Prinsip yang melatari isi tas demikian adalah keyakinan kami bahwa orangtualah yang membentuk karakter anak. Sekolah menjadi ruang demokratis bagi pertemuan keragaman karakter. Tugas kedua sekolah adalah menguatkan kemampuan berpikir. Memajukan dan membela rasionalitas. Tidak ada yang bisa menjembatani perbedaan karakter dalam rentang waktu yang panjang dan dengan intensitas pertemuan seperti anak-anak di sekolah kecuali kemampuan berpikir. Di sekolah, pikiran yang terbuka lahir dari berpikir anilitik dan kritis. Kok jadi ngawur. Begini maksud saya, sudahlah jangan mengintervensi hal yang sudah jelas merupakan kewenangan orangtua. Begitu juga karena sukses itu lebih ditentukan karakter daripada pengetahuan akademik (IQ), marilah jadi sekolah yang tidak arogan dan kemaruk. Arogan karena kita mengatakan IQ lebih penting dari karakter sehingga masih membebankan urusan akademik ke rumah (orangtua). Arogan karena ketika agama, psikologi, budaya mengatakan yang membentuk karakter itu orangtua, sekolah masih berkepentingan melakukan peran yang sama. Berikutnya, kemaruk karena sudah semakin hari semakin banyak sekolah menggunakan waktu anak, kita masih mencuri waktu anak di rumah, waktu untuk bercengkrama, kesempatan orangtua membacakan buku untuk anaknya, menemani anak menonton televisi, mengaji di ‘surau’, diskusi keluarga.

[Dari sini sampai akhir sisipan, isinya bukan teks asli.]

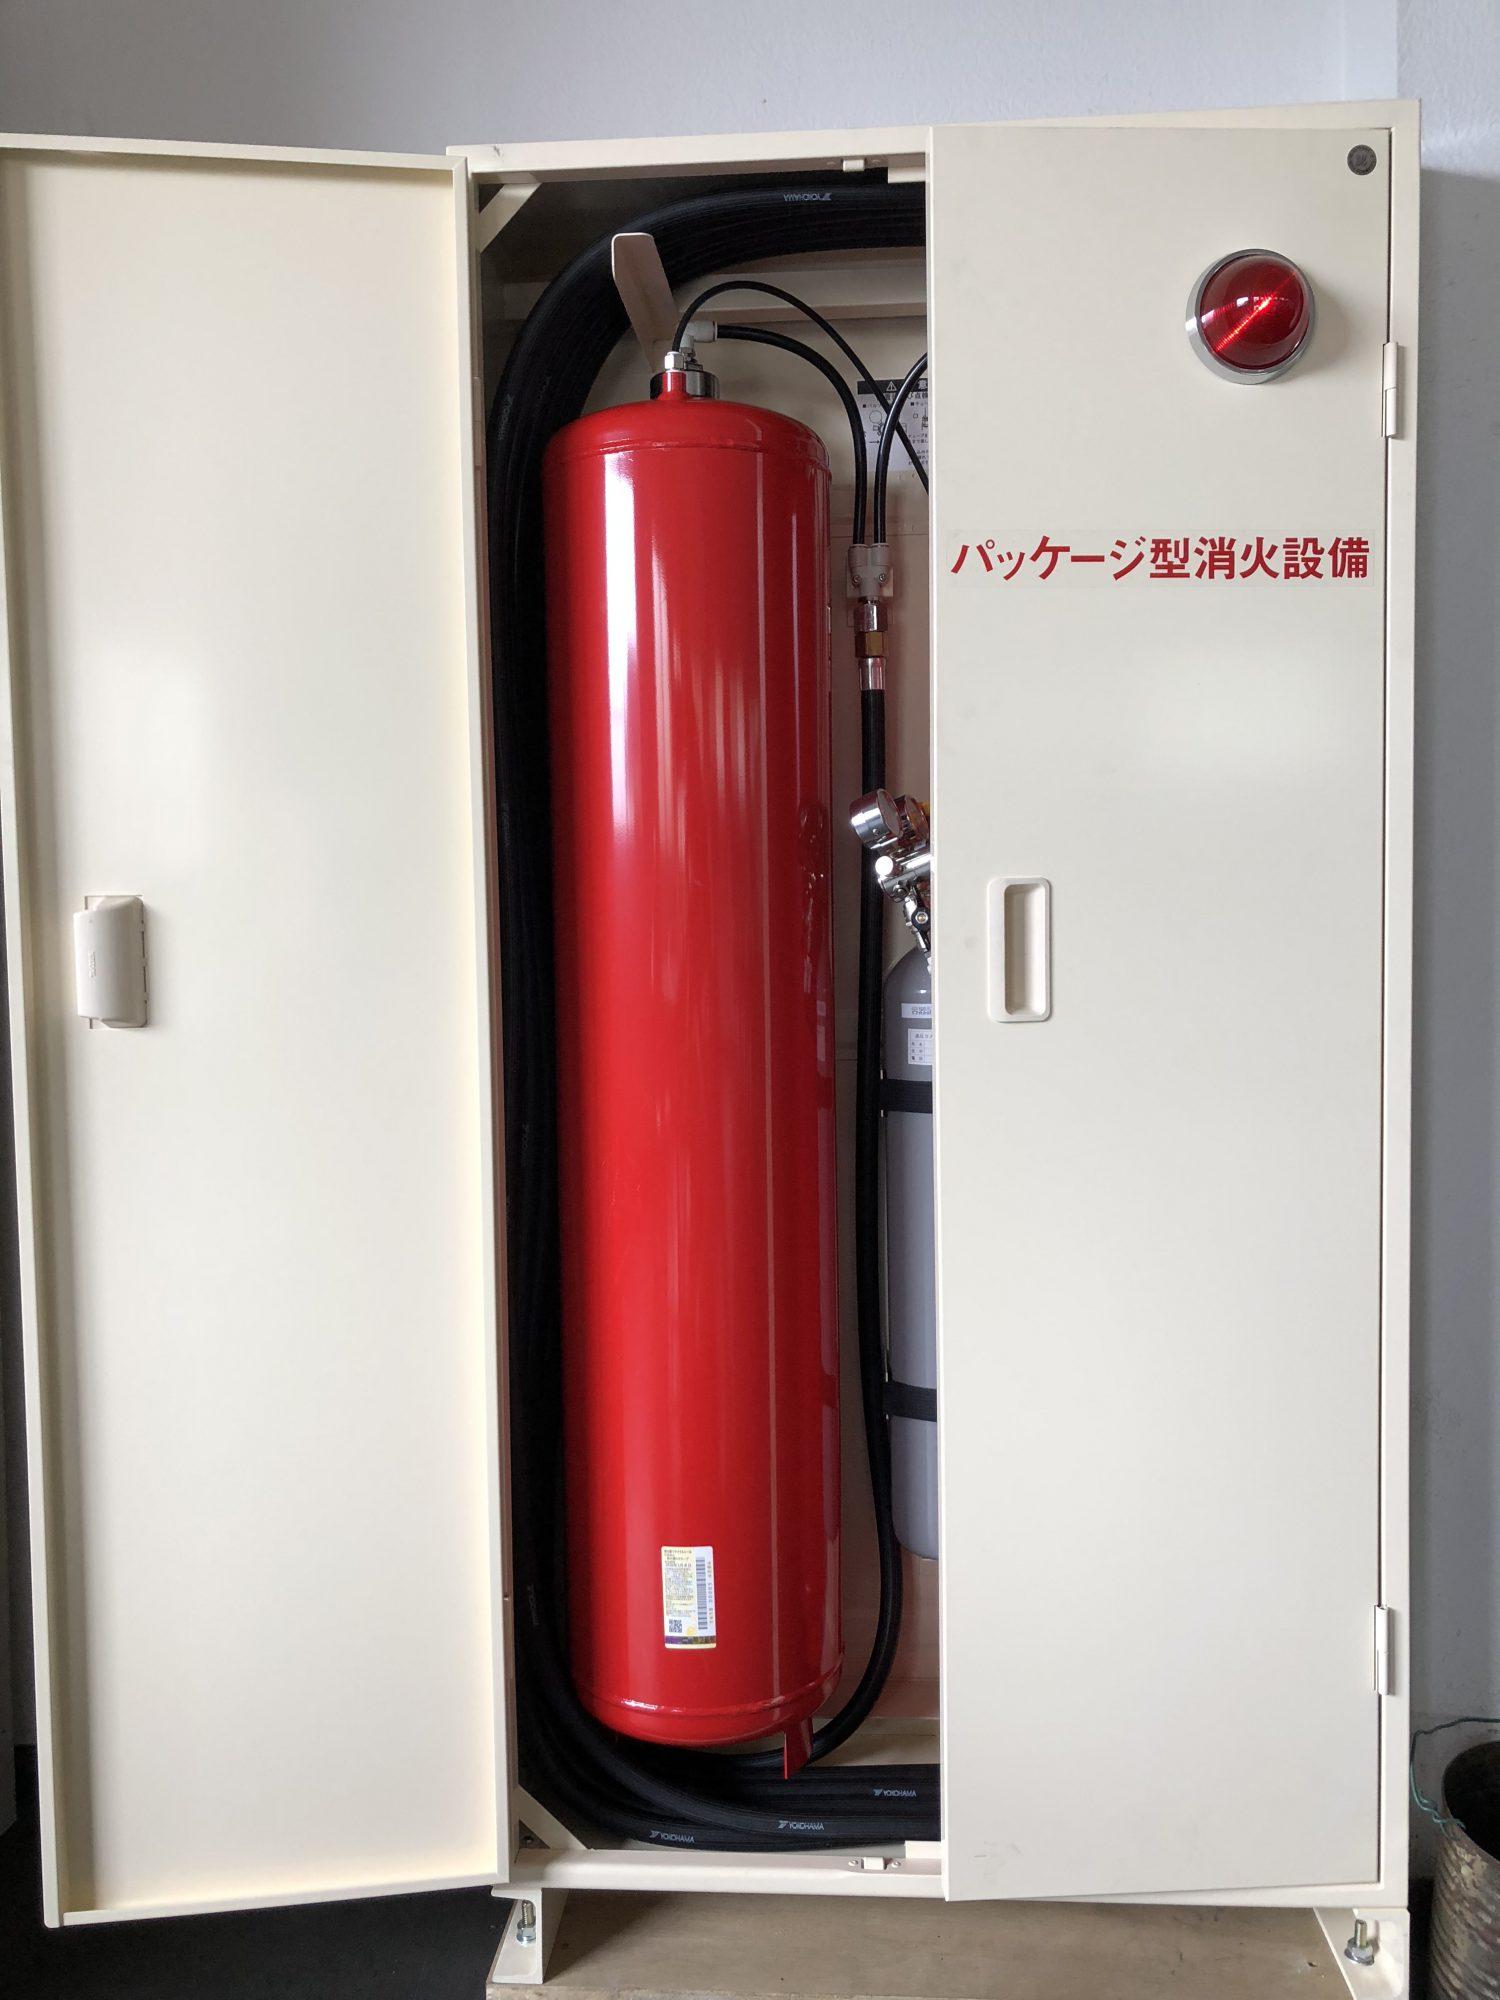 *パッケージ型消火設備の設置*

SD Hikmah Teladan menegaskan pembeda urusan di rumah dan di sekolah. Kami berusaha terus belajar dan memperbaiki kualitas agar orangtua mempercayai kami untuk mengurus segala hal akademis dan cukup diurus di sekolah saja. Kami pun sangat mendorong komunikasi ‘bermakna’ terjadi antara anak dan orangtua (saat di rumah), dan anak juga memiliki kesempatan bergaul dengan lingkungan sosialnya. Pembeda kedua urusan ini sangat jelas bagi kami sedemikian sehingga segala atribut terkait sekolah dilarang dibawa ke rumah: buku pelajaran, buku catatan, bahkan banyak anak menyimpan alas tulis di sekolah.
19. Naik Kelas dengan Membawa Buku Cerita Karya Sendiri
Pelajaran Bahasa Indonesia (atau entah pelajaran Karakter, IPS atau PKn) kelas 1 memakai buku “Why I Love My Mummy”, ilustrasi oleh Daniel Howarth, penerbit Gramedia. Buku ini diberikan kepada anak-anak sekitar beberapa bulan akhir tahun ajaran. Namun sejak awal anak-anak melakukan banyak kegiatan yang berkaitan dengan hubungan mereka dengan orangtuanya, mengerjakanworksheet sehubungan tema, dan berkegiatan yang membuat anak senang dan bisa membuat buku: menulis bebas, mengomentari gambar, menggambar, menghias buku.
Di bulan-bulan terakhir buku “Why I Love My Mummy” sudah diberikan kepada anak-anak. Selama sebulanan buku ini dibaca, dibicarakan dan menjadi ‘isu’ kelas. Baru sebulan terkahir, biasanya, anak-anak mengerjakan proyek bukunya. Disebut bukunya karena “I” di sana berubah menjadi aku setiap anak dan “My Mummy” menjadi ibu masing-masing. Hai, mereka bikin buku dan itu autentik sungguhlah luar biasa.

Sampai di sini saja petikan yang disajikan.